Echinocytes are red blood cells that have changed shape, distinguishing them from the normal, smooth, biconcave disc. These altered cells are sometimes referred to as “burr cells” or “crenated cells” due to their characteristic appearance. Their presence is observed during the microscopic analysis of a peripheral blood smear, indicating a possible change in the cell’s environment or internal state. The identification of these shape changes, known as poikilocytosis, is an important step in laboratory analysis.
Defining the Appearance of Echinocytes
Echinocytes possess numerous, small, and evenly distributed projections, or spicules, covering their entire surface. A typical echinocyte displays between 10 to 30 of these short, blunt projections, giving the cell a thorny or serrated look. Despite this shape change, the cells generally maintain their size and often retain the central area of pallor.
The uniform spacing and relatively short length of these spicules differentiate the echinocyte from a similar-looking abnormal cell called an acanthocyte. Acanthocytes, or “spur cells,” feature fewer projections that are irregularly spaced, vary in thickness and length, and are often irreversible. This distinction is important because the two cell types are associated with different underlying medical conditions. Unlike acanthocytes, the formation of echinocytes is typically reversible.
Factors Leading to Echinocyte Formation
The deformation into an echinocyte shape is caused by a disruption in the cell membrane’s balance. The mechanism involves the expansion of the outer layer of the cell membrane relative to the inner layer. This imbalance can be triggered by causes originating outside the body, known as in vitro artifacts, or by true in vivo pathological changes.

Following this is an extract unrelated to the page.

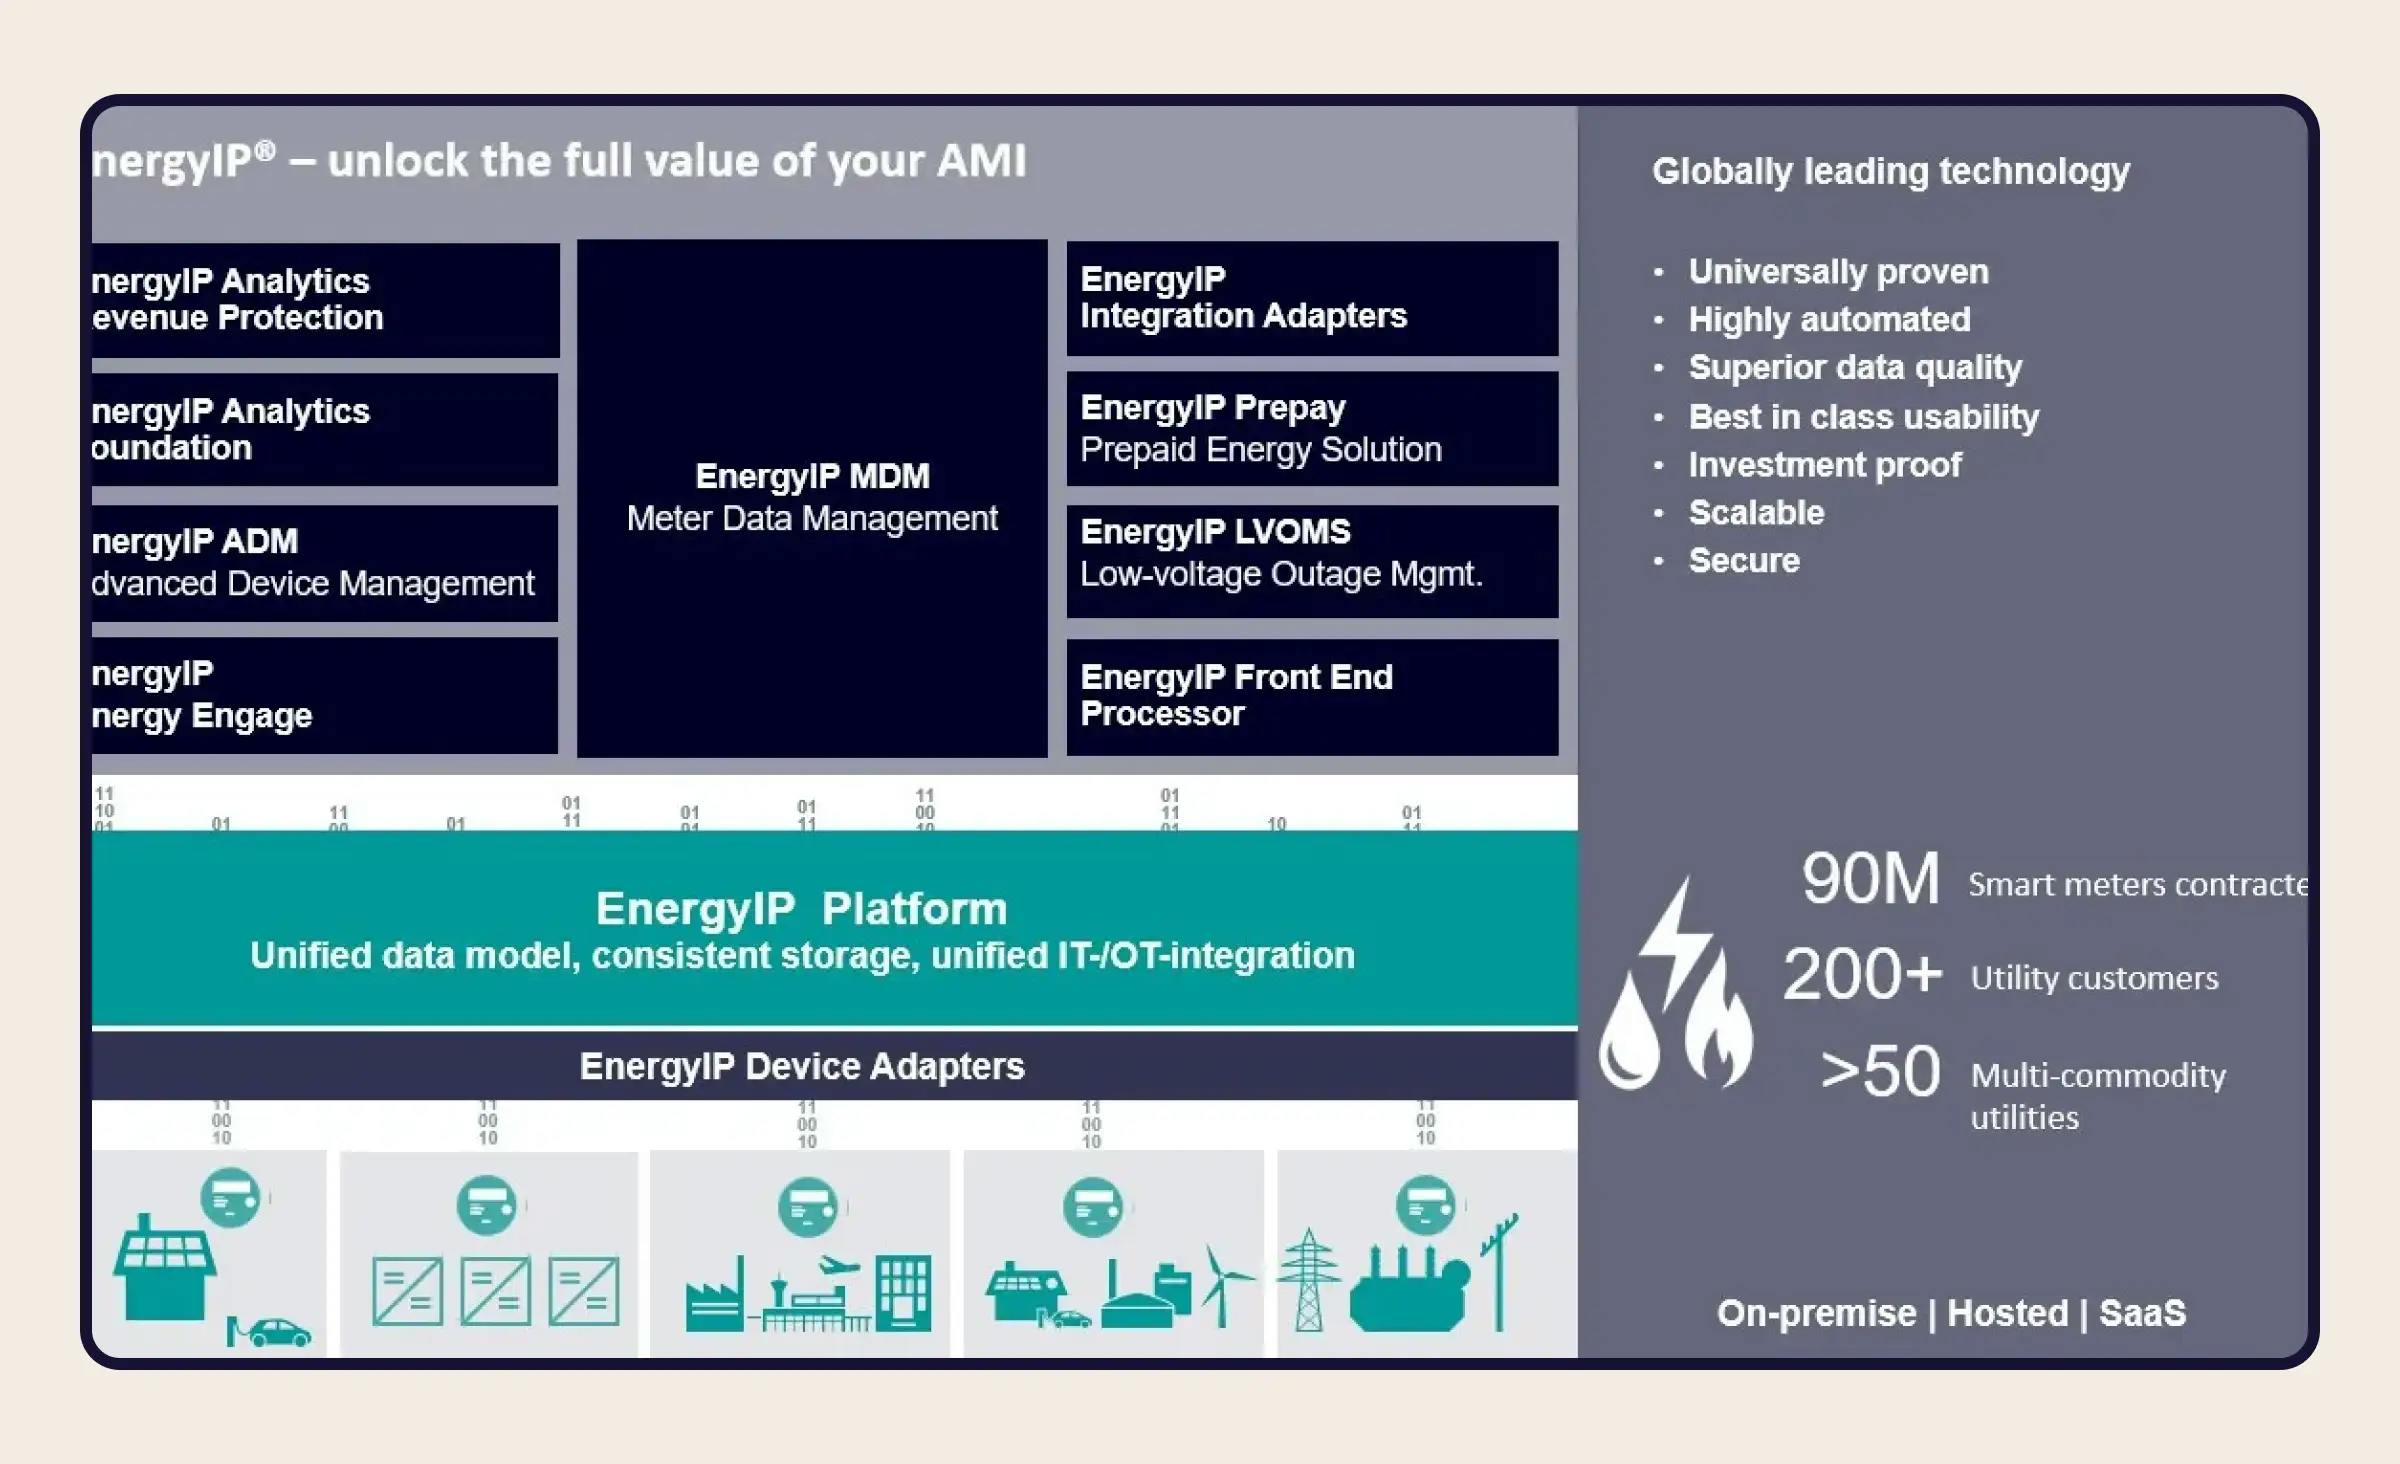 Siemens EnergyIP data analysis solutions for managing assets, predicting energy demands and optimizing operations.
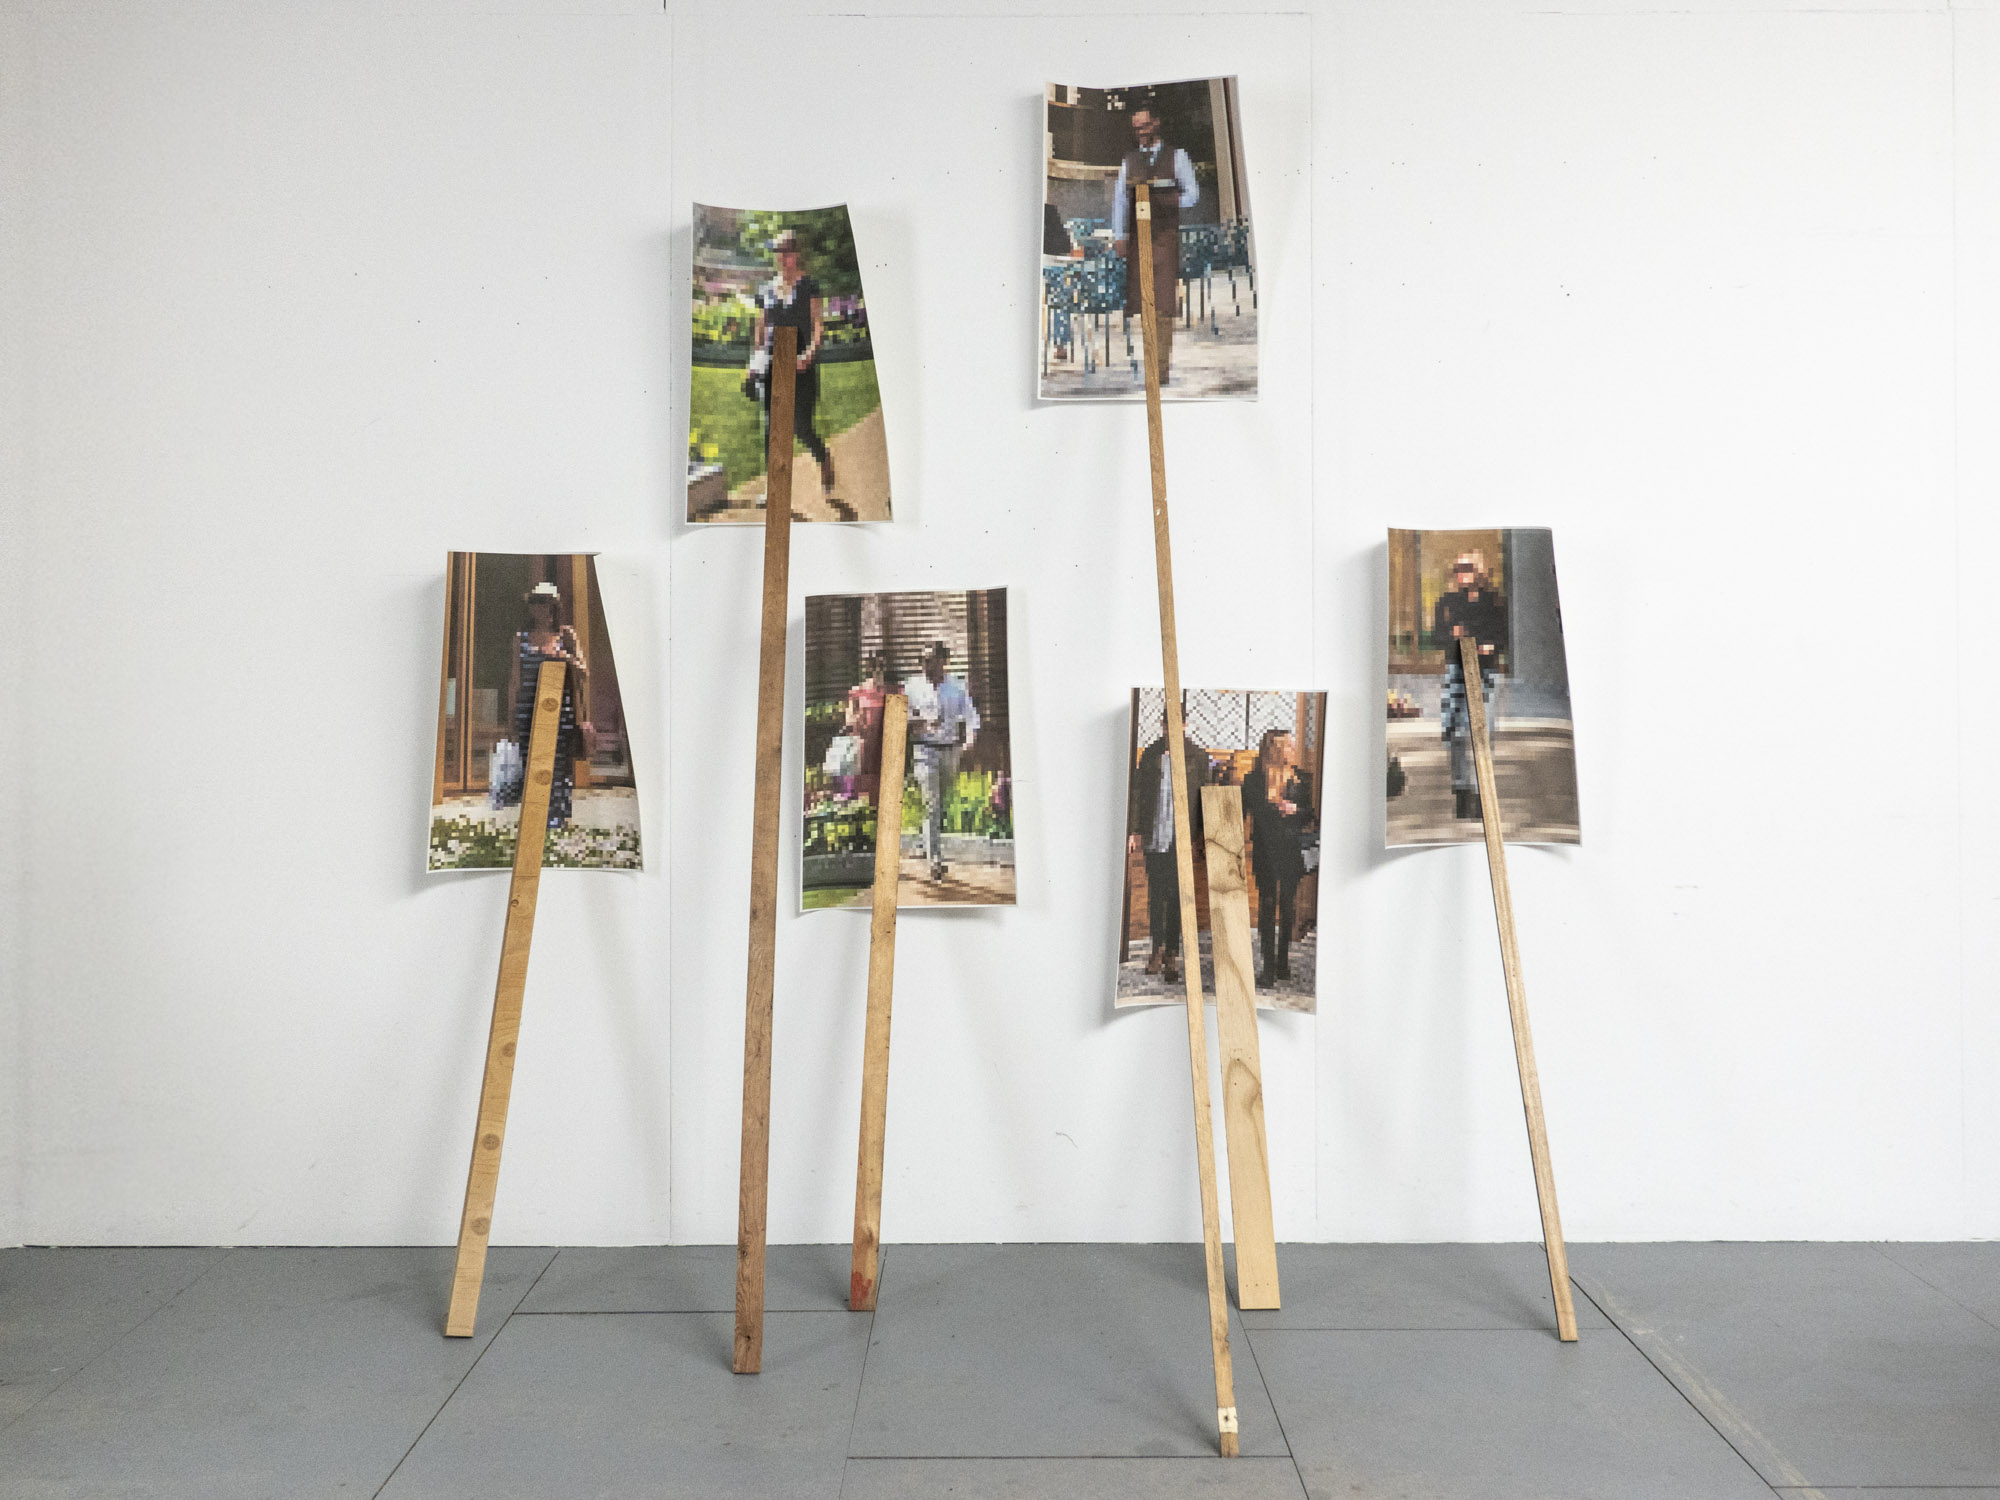 six images of people walking are held against a white wall by old pieces of wood

In vitro formation occurs after a blood sample has been collected and is often a harmless observation error. Common laboratory issues include the slow drying of a blood smear, using improper concentrations of anticoagulant like EDTA, or prolonged storage before analysis. These artificial conditions cause changes in the blood’s pH or lead to the depletion of adenosine triphosphate (ATP) within the red blood cell, triggering the shape change.
True in vivo echinocyte formation is linked to physiological changes within the body that affect the red blood cell’s environment or metabolism. Changes in plasma osmolarity or pH, the presence of certain drugs, and an increase in fatty acids can all induce this shape transformation. A drop in the red blood cell’s ATP levels is a common metabolic driver, as ATP is necessary to power the membrane pumps that maintain the cell’s normal shape and electrolyte balance. The loss of intracellular potassium and water also contributes to the cell’s dehydration and subsequent echinocyte formation.
Medical Conditions Associated with Echinocytes
When echinocytes are present in a fresh, properly prepared blood smear, they can act as an indicator of systemic disease. One frequent pathological association is uremia, a condition resulting from severe kidney failure. In uremia, retained metabolic waste products build up in the blood, altering the red blood cell membrane. Another significant cause is Pyruvate Kinase Deficiency (PKD), a rare hereditary enzyme defect that prevents red blood cells from producing ATP. This lack of energy disrupts the cell’s ability to maintain its membrane integrity.
Less common causes include severe hypophosphatemia (low blood phosphate) and certain widespread malignancies. The presence of echinocytes is considered a clinical sign, not a definitive diagnosis, and requires correlation with a patient’s other clinical findings and laboratory tests.